The Willoughby Tucker Forever Tour
- Promotional poster for the tour
- Location: North America; Europe; Oceania;
- Associated album: Willoughby Tucker, I'll Always Love You
- Start date: August 12, 2025
- End date: July 1, 2026
- Legs: 5
- No. of shows: 92
- Supporting acts: 9million • Elliot & Vincent • Wednesday • Vyva Melinkolya • Sarah Morrison • Brighde Chaimbeul • Bar Italia
- Website: www.daughtersofcain.com/tour

Ethel Cain concert chronology
- The Childish Behaviour Tour (2024); The Willoughby Tucker Forever Tour (2025); ;

= The Willoughby Tucker Forever Tour =

2025–2026 concert tour by Ethel Cain

The Willoughby Tucker Forever Tour was the fourth concert tour by American singer-songwriter and record producer Ethel Cain, in support of her second studio album, Willoughby Tucker, I'll Always Love You (2025).
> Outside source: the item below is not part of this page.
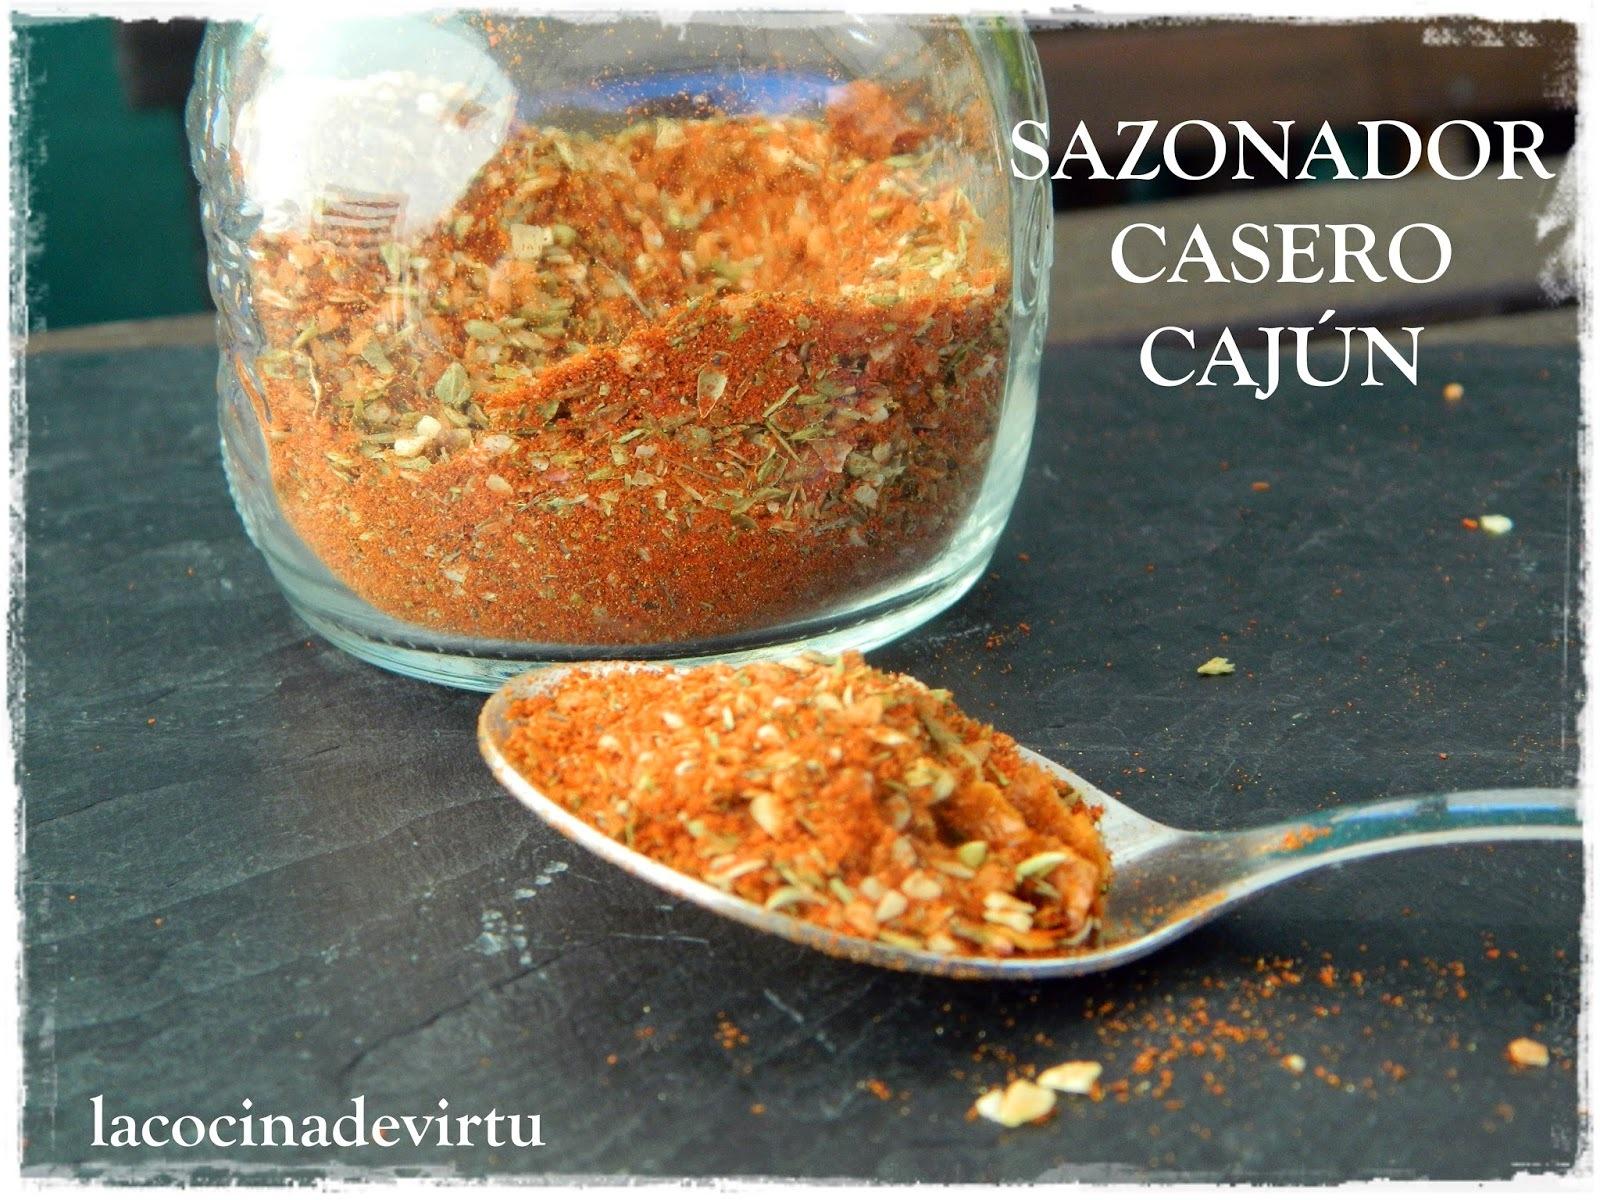 SAZONADOR CASERO CAJUN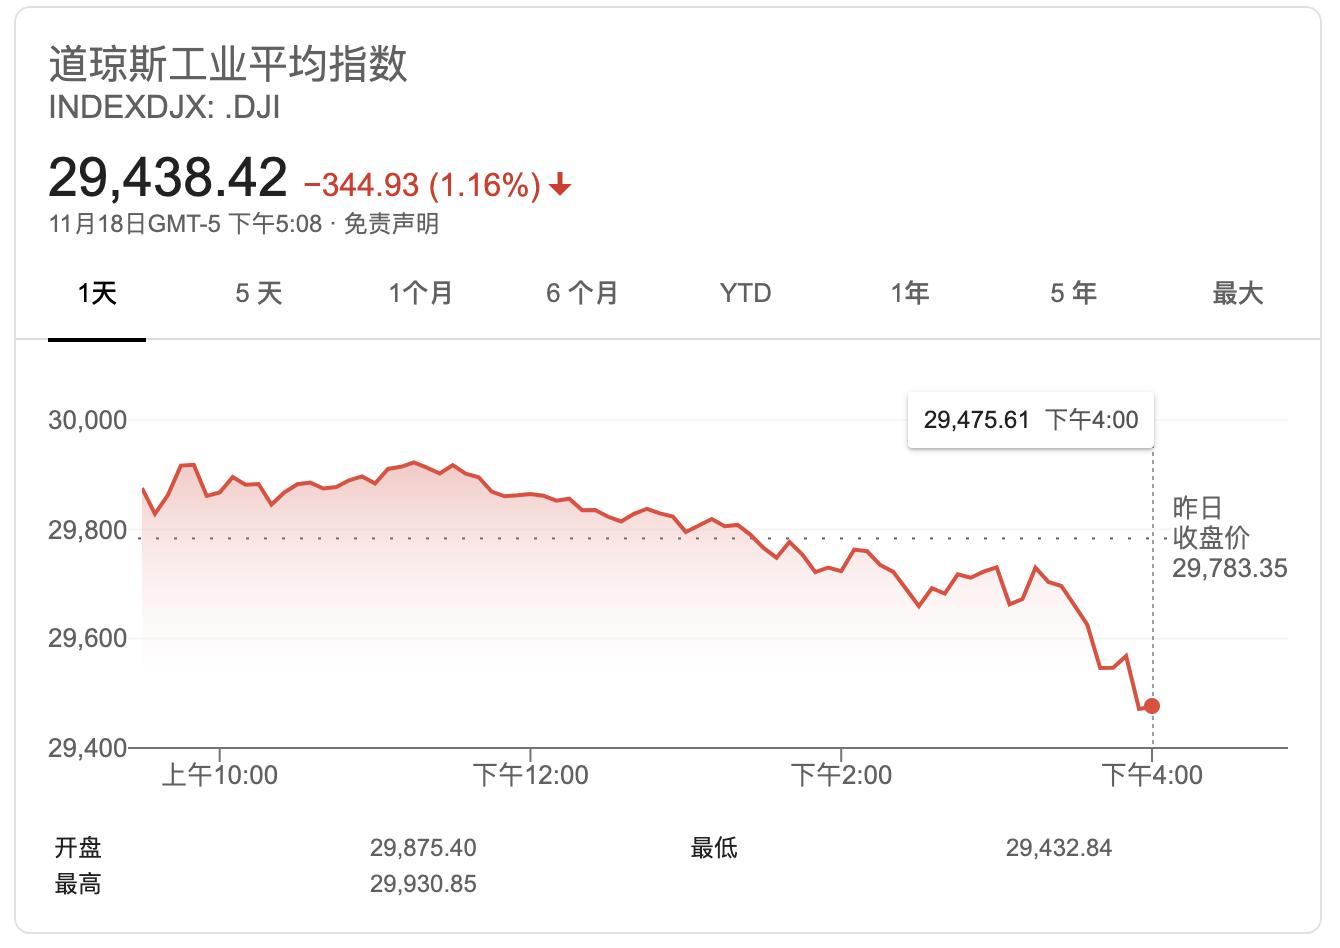 华尔街投行:价值股的春天来了 道指明年有望再涨35%至4万点

Set to include 92 shows, the tour began in Seattle, United States, on August 12, 2025, and is set to conclude in Hamburg, Germany, on July 1, 2026. The band 9million was announced to serve as a supporting act for all the 2025 shows.

== Background ==
On March 24, 2025, Cain announced her second studio album, Willoughby Tucker, I'll Always Love You, via social media. At the same time, she revealed that she would be embarking on an accompanying concert tour, the Willoughby Tucker Forever Tour. She announced that the band 9million would be the supporting artist for all shows, following the band opening for her at two shows in the Blood Stained Blonde Tour. This tour follows The Childish Behaviour Tour (2024), which served to promote her 2022 album Preacher's Daughter and tease then-upcoming songs from her 2025 project Perverts. On August 11, Cain announced six shows in Australia and New Zealand. On September 26, 2025, Cain announced new European shows scheduled to take place in 2026. On October 6, 2025, Cain further expanded the tour by adding new North American shows scheduled to take place in 2026. 9million is also set to be the opening act for those dates.

==Setlist==
This is the setlist of the opening night of the show in Seattle on August 12, 2025. It is not indicative of the setlist of all shows.

1. "Willoughby's Theme"
2. "Janie"
3. "Fuck Me Eyes"
4. "Nettles"
5. "Willoughby's Interlude"
6. "Dust Bowl"
7. "Vacillator" (Containing elements of "Perverts" and "Housofpsychoticwomn")
8. "Onanist" (Containing elements of "Pulldrone")
9. "A Knock at the Door"
10. "Radio Towers"
11. "Tempest"
12. "Waco, Texas"
  - Encore
13. "A House in Nebraska"
14. "Crush"
15. "American Teenager"

Alterations
- During the second Seattle show, Cain performed "Misuse Oh" in place of "A Knock at the Door". She also performed "Thoroughfare" during the encore, replacing "A House in Nebraska", whilst a snippet of the song is sung during the piano encore of "Waco, Texas". She plays this variation of the setlist every other night.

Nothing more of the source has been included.